EXERCISE:
With pictures omitted, restate the data word for word.

DATA EXTRACT:
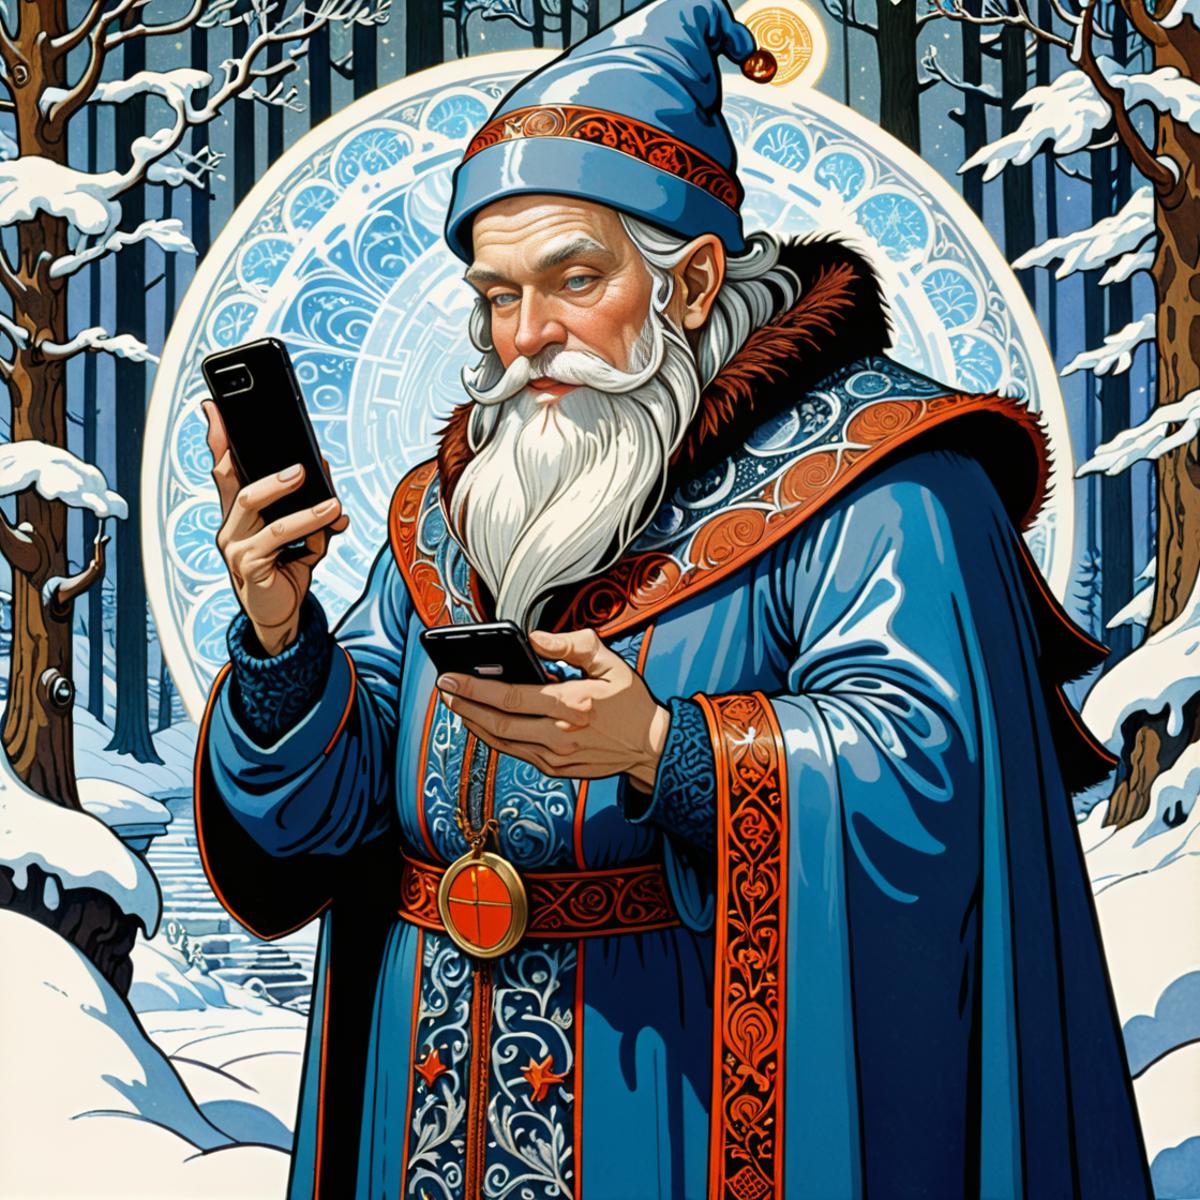 A Santa Claus figure holding a cell phone.
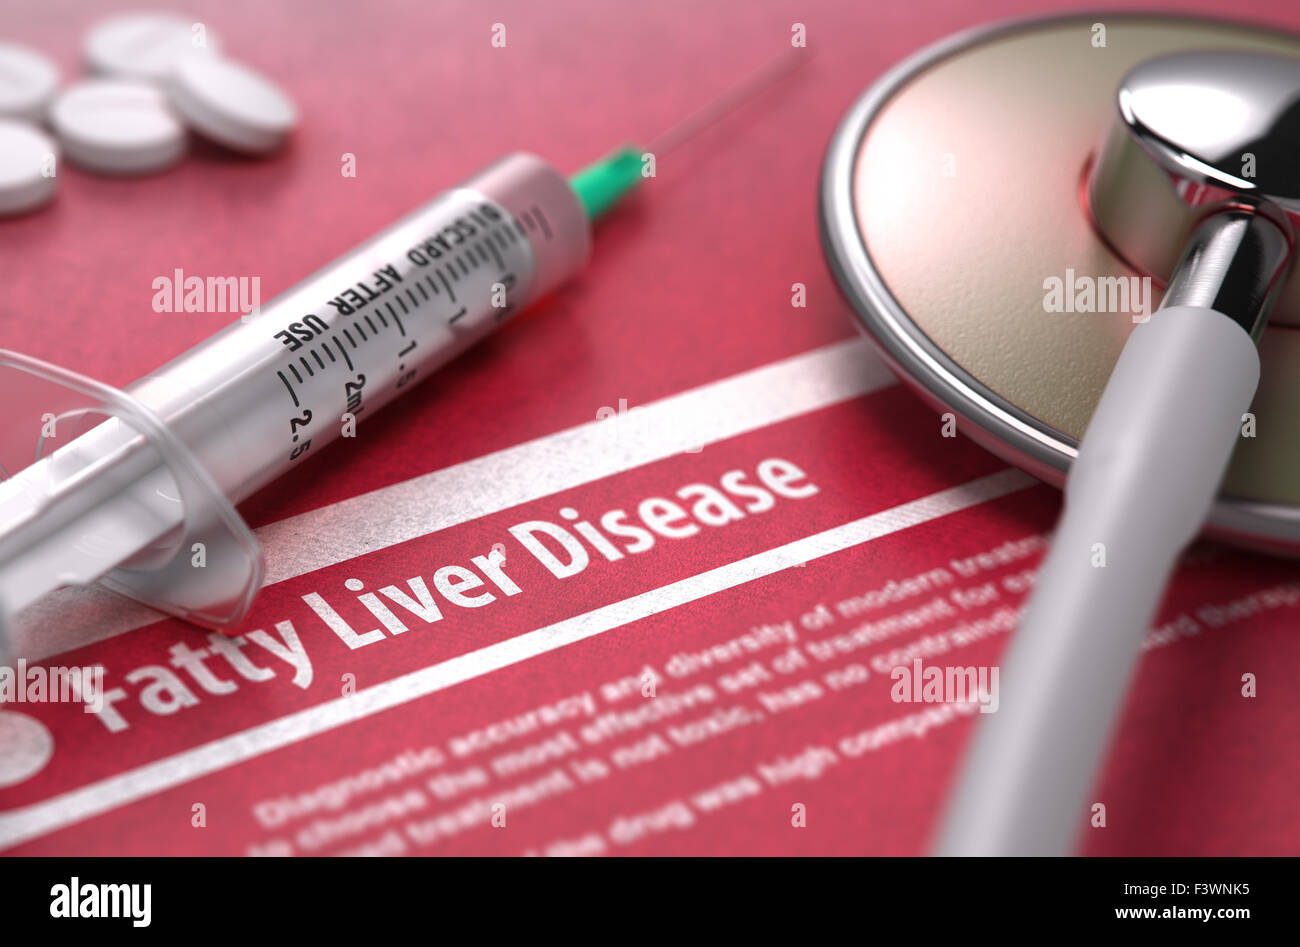 Fatty Liver Disease - Medical Concept on Red Background with Blurred Text and Composition of Pills, Syringe and Stethoscope. Stock Photo
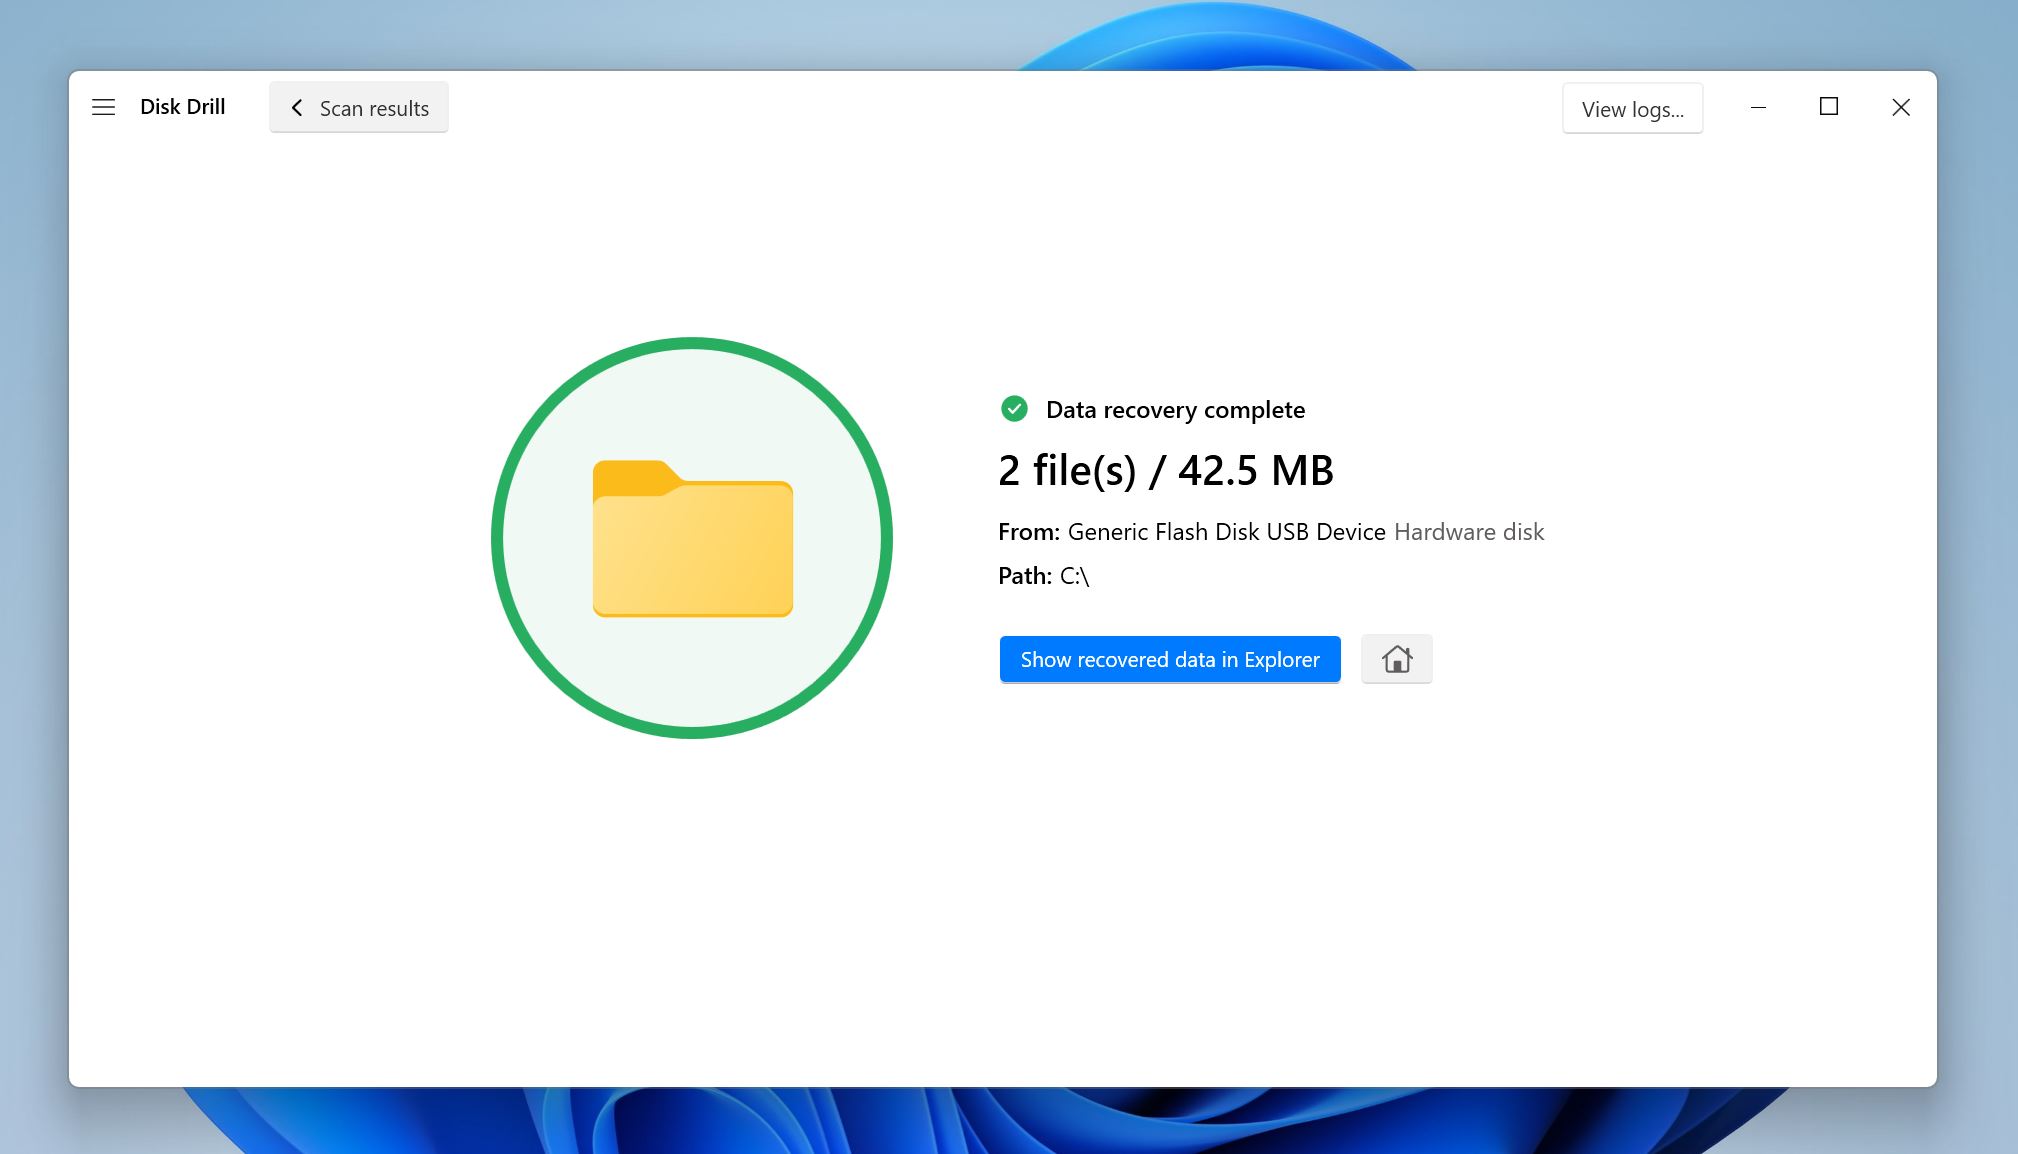 Disk Drill data recovery software showing a complete recovery of 2 files totaling 42.5 MB from a generic flash disk.

EXPECTED OUTPUT:
 A Santa Claus figure holding a cell phone.
 Fatty Liver Disease - Medical Concept on Red Background with Blurred Text and Composition of Pills, Syringe and Stethoscope. Stock Photo
 Disk Drill data recovery software showing a complete recovery of 2 files totaling 42.5 MB from a generic flash disk.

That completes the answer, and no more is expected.